On September 25, 2010, BOLD passed 1 M barcode records, and the International Barcode of Life ( iBOL) was officially launched in Toronto, Canada, with a goal of 5 M records representing 500 K species in 5 years, the largest biodiversity genomics project to date. In terms of DNA sequencing, the iBOL targets (5 x 106 barcodes x 650 bp/barcode = 3.3 x 109 bp) are equivalent to the Human Genome Project (human genome = 3.4 x 109 bp). However, whereas HGP involved sequencing DNA samples from a few individuals, the DNA barcode library is built by thousands of scientists examining thousands of individual specimens, one by one. So a big challenge is obtaining, identifying, tracking, processing, and preserving millions of specimens.
What are recent arrivals to library? For one example, in current Frontiers Zool, researchers from Germany and US (I am co-author) report on DNA identification of Central European ground beetles (family Carabidae). This family comprises “no less than an estimated 40,000 described species that inhabit all terrestrial habitat types from the sub-arctic to wet tropical regions,” making identifications a challenge for taxonomists and non-specialists alike. Raupach and colleagues successfully amplified and sequenced COI barcodes and nuclear ribosomal DNA expansion segments D3, V4, and V7, from 344 specimens representing 75 species in 28 genera (average 4 specimens/species, range 2-13). Most specimens were preserved in 96% alcohol for 1-2 years; some were stored as dry pinned specimens for up to 12 years. 73 (97%) species were resolved by COI, whereas the 3 nuclear markers individually resolved a smaller proportion, 81% (D3), 57% (V4) and 87% (V7), and combining the 3 nuclear markers gave 95% discrimination. The one species pair with shared COI haplotypes also showed identical nuclear markers. Two species exhibited distinct COI clusters (intra-specific p-distances 2.7%, 3.8%), 1 of which also had distinct nuclear haplotypes.

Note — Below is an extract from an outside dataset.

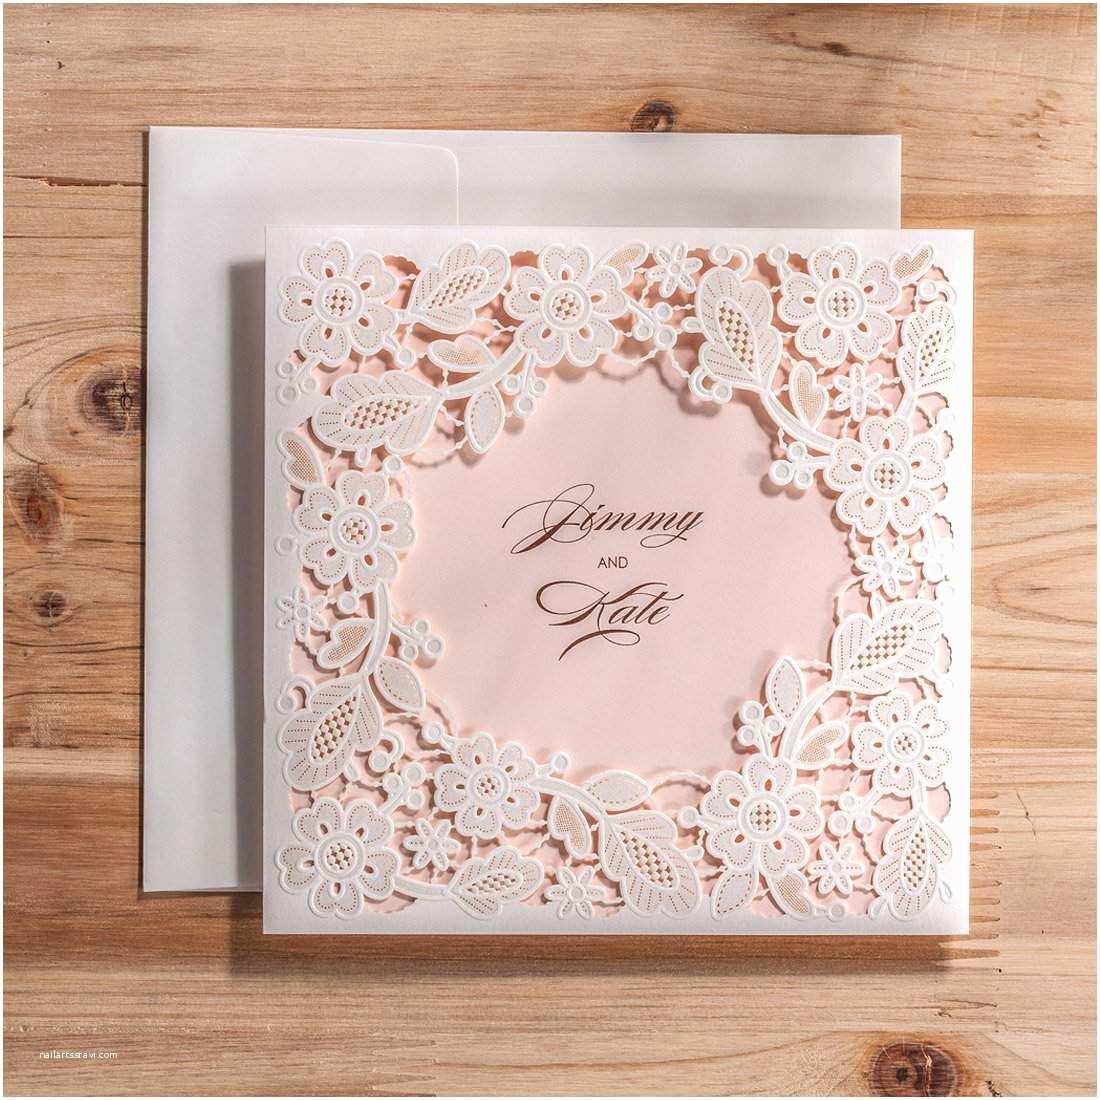 Laser Cut Wedding Invitation Kits top 10 Best Cheap Diy Wedding Invitations

To my knowledge, this is the first taxonomic paper with a “Klee diagram” depicting indicator vector correlations among COI barcode sequences. As developed by mathematician Larry Sirovich and his colleague Yu Zhang (Sirovich et al PloS ONE 2010), indicator vectors are digital representations of DNA sequences that “preserve diagnostic character probabilities, enable automated classification of test sequences, and generate high-information density single-page displays” such as Klee diagram shown here. According to BOLD Taxonomy Browser, there are DNA barcodes for 495 carabid beetle species so far, so I look forward more of the remaining 39,505 or so species joining the barcode library, and dream of a comprehensive indicator vector/Klee analysis of ground beetle family.
In closing, professional and non-professional insect specialists alike may may enjoy recently released film “Beetle Queen Conquers Tokyo” by Jessica Oreck, a lyrical look at beetle and insect fanciers in Japan.